Addressing a local Justice and Development Party (AKP) congress ahead of the 2019 elections, Turkish President Recep Tayyip Erdoğan on Sunday said he would go to the Afrin region of Syria if necessary and called on people to follow him, the state-run Anadolu news agency and Sputnik reported.
“If needed, I, the top commander, would be the first one to go to Afrin. You would then follow me,” said Erdoğan during the AKP congress in Amasya province.
Erdoğan said Turkish troops are in Syria to ready conditions for the return of 3.5 million Syrian refugees in Turkey.
Stating that the Turkish military and Free Syrian Army (FSA) fighters have captured the strategic Bursaya Mountain in Afrin, Erdoğan said: “They did it some despite some impertinent people. They did it despite the European Parliament.

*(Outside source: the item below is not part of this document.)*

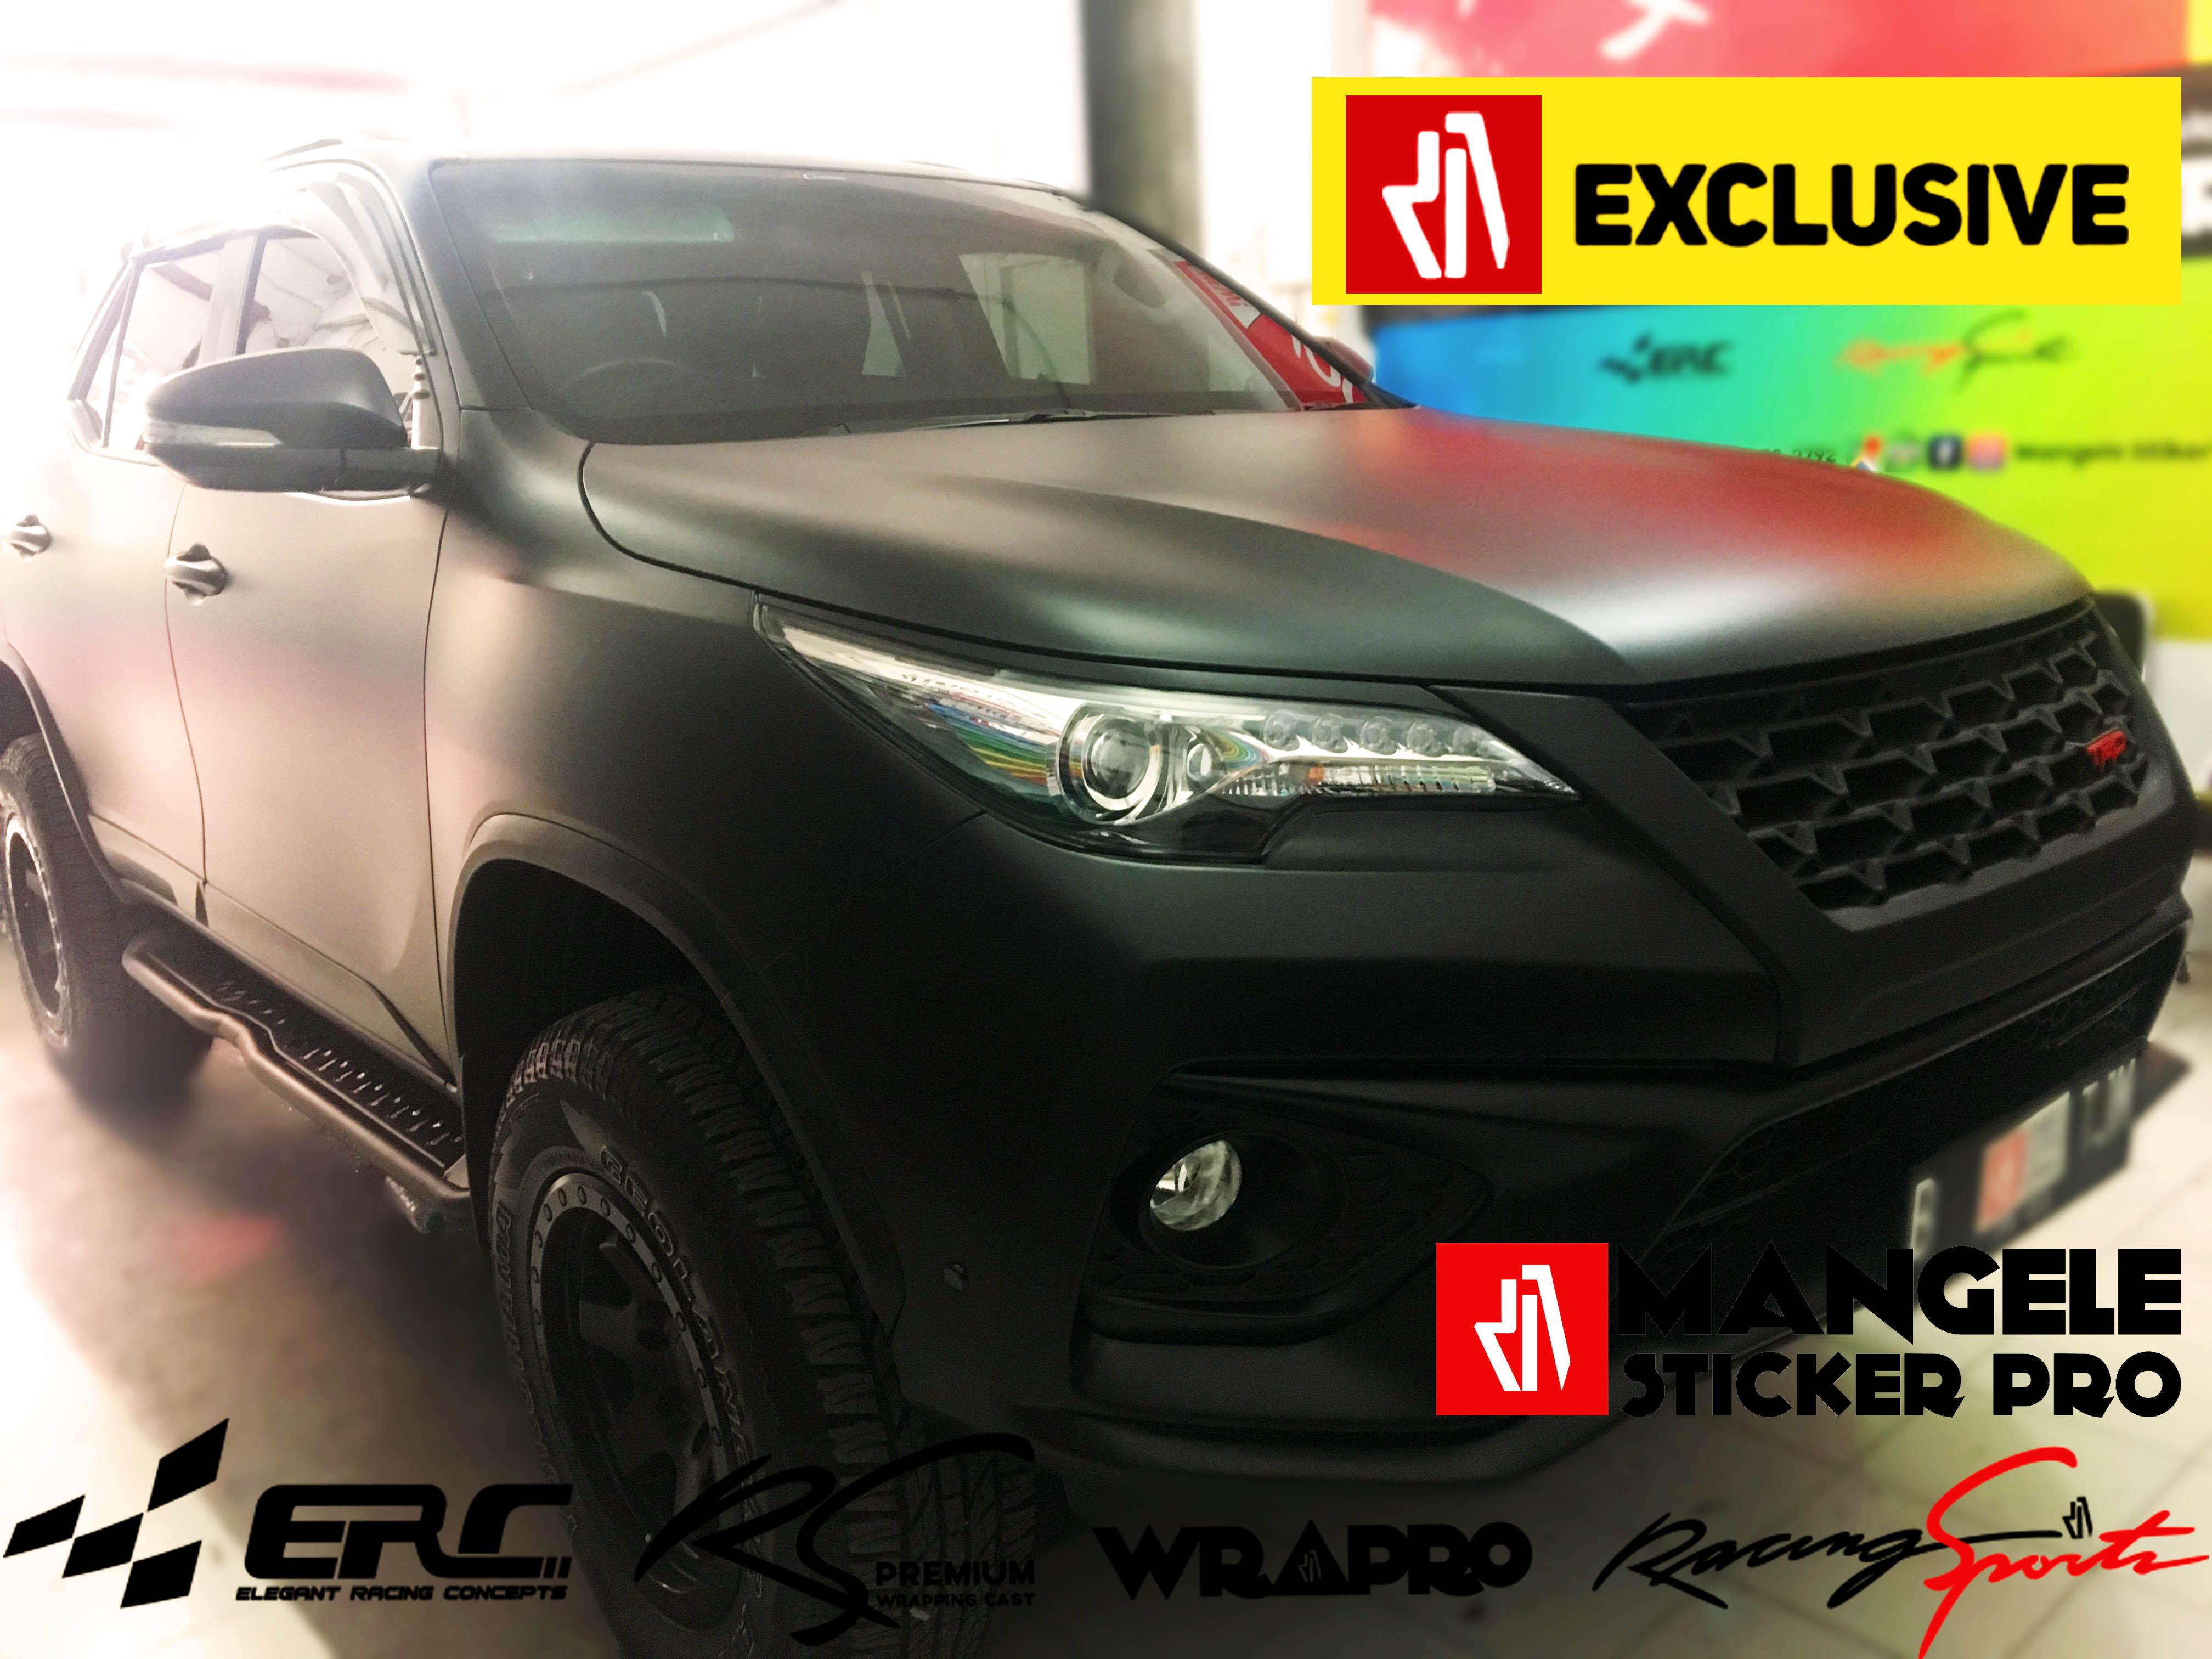 Keren Maksimal Dengan RS Premium Stiker Mobil Premium Mangele Bandung

Some in the EP call Turkish troops ‘occupiers.’ You [Europeans] should look at your past, what you did in Africa.”
Erdoğan also said 484 terrorists, seven Turkish troops and 13 FSA fighters have been killed in the Afrin operation.
The Turkish military and FSA fighters on Jan. 20 launched Operation Olive Branch in Afrin against the Syrian Kurdish Democratic Union Party (PYD).
Three civilians were also killed in rocket attacks targeting the Turkish border cities Reyhanlı and Kilis.
Turkish Foreign Minister Mevlüt Çavuşoğlu on Saturday called on the United States to withdraw personnel from the Kurdish-held town of Manbij in northern Syria, amid tension that escalated between Ankara and Washington following Turkey’s operation in Afrin.
President Erdoğan on Friday reacted to calls from the US to wrap up the operation in Afrin, defying Washington and saying that Manbij would be the next target.
Manbij is controlled by the Kurdish-led, US-backed PYD, which Turkey sees as the Syrian extension of the outlawed Kurdistan Workers’ Party (PKK).
President Erdoğan on Oct. 8 said Turkey would not allow a Kurdish corridor in Syria extending along the Turkish border to the Mediterranean.